Logs just before the crash:
{code:java}
2024-08-27 05:17:27,551 ERROR org.apache.hadoop.hbase.regionserver.wal.FSHLog: 
Error syncing, request close of WAL
java.io.InterruptedIOException
        at 
org.apache.hadoop.ozone.client.io.KeyOutputStream.handleFlushOrClose(KeyOutputStream.java:602)
        at 
org.apache.hadoop.ozone.client.io.KeyOutputStream.hsync(KeyOutputStream.java:550)
        at 
org.apache.hadoop.ozone.client.io.OzoneOutputStream.hsync(OzoneOutputStream.java:118)
        at 
org.apache.hadoop.hdds.tracing.TracingUtil.executeInSpan(TracingUtil.java:184)
        at 
org.apache.hadoop.hdds.tracing.TracingUtil.executeInNewSpan(TracingUtil.java:149)
        at 
org.apache.hadoop.fs.ozone.OzoneFSOutputStream.hsync(OzoneFSOutputStream.java:80)
        at 
org.apache.hadoop.fs.ozone.OzoneFSOutputStream.hflush(OzoneFSOutputStream.java:75)
        at 
org.apache.hadoop.fs.FSDataOutputStream.hflush(FSDataOutputStream.java:136)
        at 
org.apache.hadoop.hbase.regionserver.wal.ProtobufLogWriter.sync(ProtobufLogWriter.java:84)
        at 
org.apache.hadoop.hbase.regionserver.wal.FSHLog$SyncRunner.run(FSHLog.java:669)
2024-08-27 05:17:27,552 WARN org.apache.hadoop.ozone.client.io.KeyOutputStream: 
Encountered exception java.io.IOException: Unexpected Storage Container 
Exception: java.lang.InterruptedException on the pipeline Pipeline[ Id: 
bdab774b-98bf-4f51-8986-ad27889b186a, Nodes: 
c02f4835-7103-4c1c-94b7-65f7d0ce02bd(vc0133.xyz/10.17.207.43) ReplicaIndex: 
0319a1376-3f35-44a4-85e7-c364b9cb03f9(vc0132.xyz/10.17.207.42) ReplicaIndex: 
080eebcdd-5257-4a30-98ce-c53943ba1016(vc0136.xyz/10.17.207.46) ReplicaIndex: 0, 
ReplicationConfig: RATIS/THREE, State:OPEN, 
leaderId:319a1376-3f35-44a4-85e7-c364b9cb03f9, 
CreationTimestamp2024-08-27T03:26:53.789-07:00[America/Los_Angeles]]. The last 
committed block length is 2362474, uncommitted data length is 0 retry count 0 
{code}

Logs during the crash:
{code:java}
2024-08-27 05:17:27,554 ERROR org.apache.hadoop.hbase.regionserver.wal.FSHLog: 
Error syncing, request close of WAL
java.io.InterruptedIOException: Interrupted waiting to send RPC request to 
server
        at org.apache.hadoop.ipc.Client.call(Client.java:1517)

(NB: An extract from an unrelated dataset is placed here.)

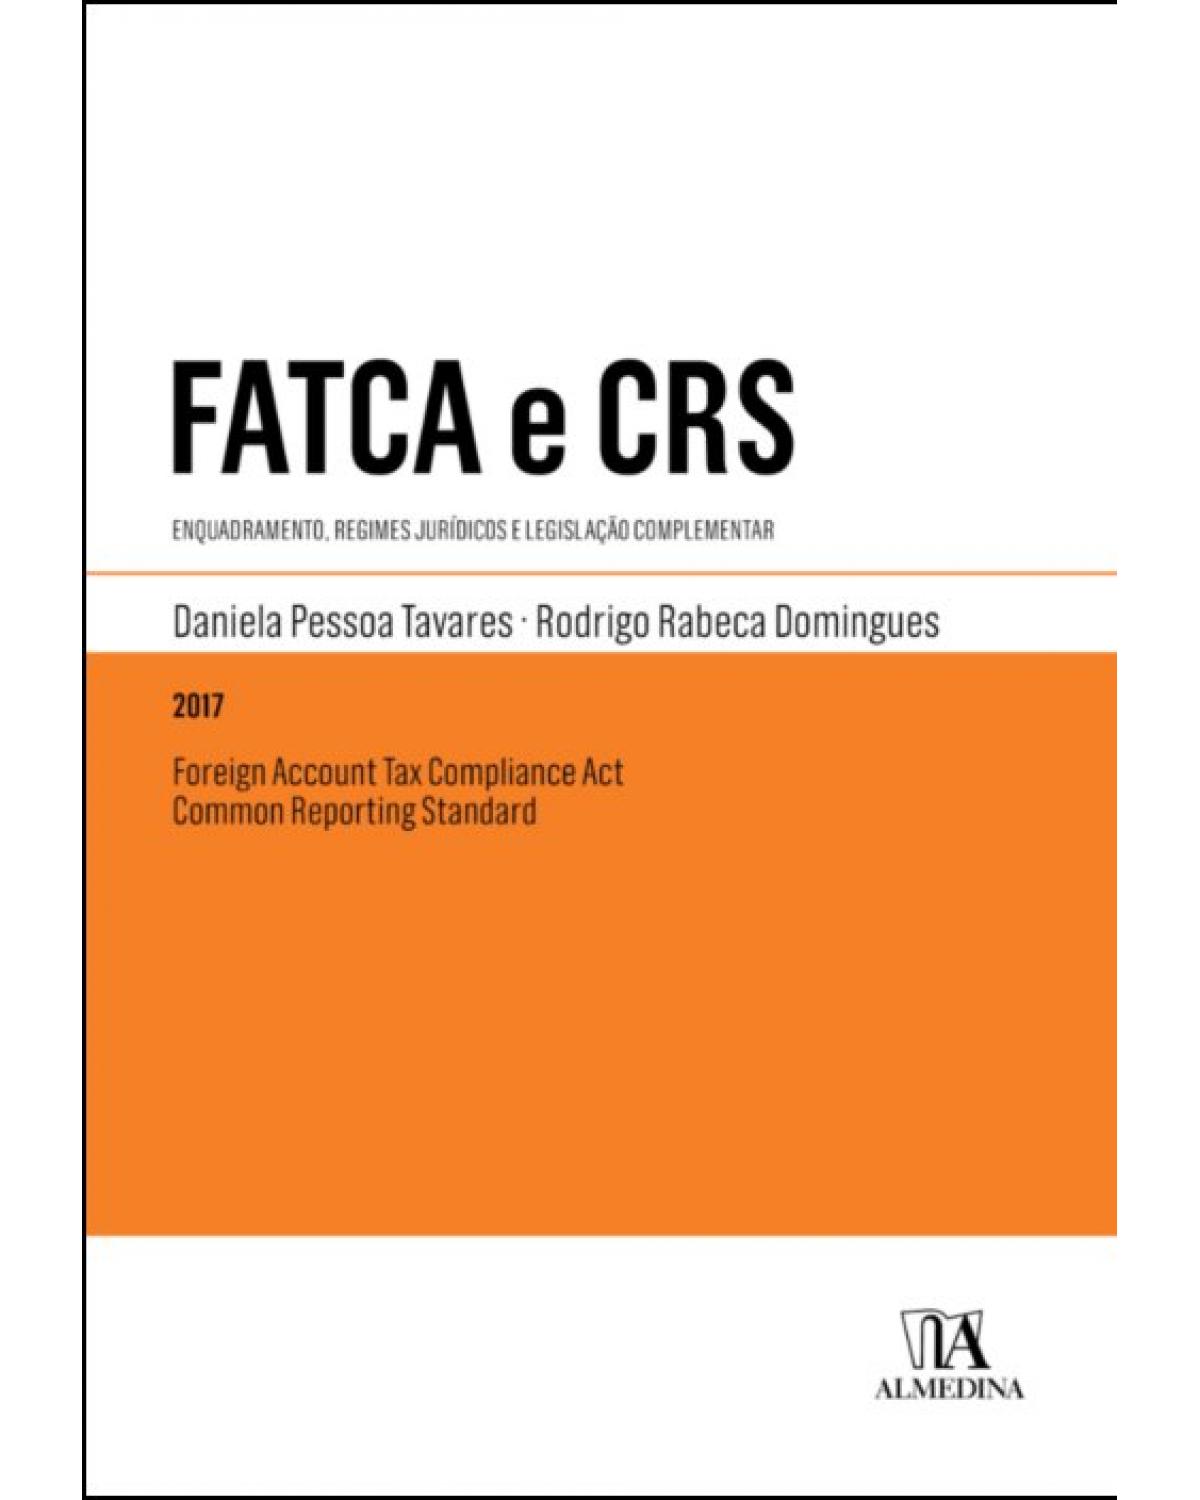 FATCA e CRS - Foreign Account Tax Compliance Act e Common Reporting Standard - enquadramento, regimes jurídicos e legislação complementar - 1ª Edição | 2017

        at org.apache.hadoop.ipc.Client.call(Client.java:1459)
        at 
org.apache.hadoop.ipc.ProtobufRpcEngine$Invoker.invoke(ProtobufRpcEngine.java:233)
        at 
org.apache.hadoop.ipc.ProtobufRpcEngine$Invoker.invoke(ProtobufRpcEngine.java:118)
        at com.sun.proxy.$Proxy25.submitRequest(Unknown Source)
        at sun.reflect.GeneratedMethodAccessor13.invoke(Unknown Source)
        at 
sun.reflect.DelegatingMethodAccessorImpl.invoke(DelegatingMethodAccessorImpl.java:43)
        at java.lang.reflect.Method.invoke(Method.java:498)
        at 
org.apache.hadoop.io.retry.RetryInvocationHandler.invokeMethod(RetryInvocationHandler.java:431)
        at 
org.apache.hadoop.io.retry.RetryInvocationHandler$Call.invokeMethod(RetryInvocationHandler.java:166)
        at 
org.apache.hadoop.io.retry.RetryInvocationHandler$Call.invoke(RetryInvocationHandler.java:158)
        at 
org.apache.hadoop.io.retry.RetryInvocationHandler$Call.invokeOnce(RetryInvocationHandler.java:96)
        at 
org.apache.hadoop.io.retry.RetryInvocationHandler.invoke(RetryInvocationHandler.java:362)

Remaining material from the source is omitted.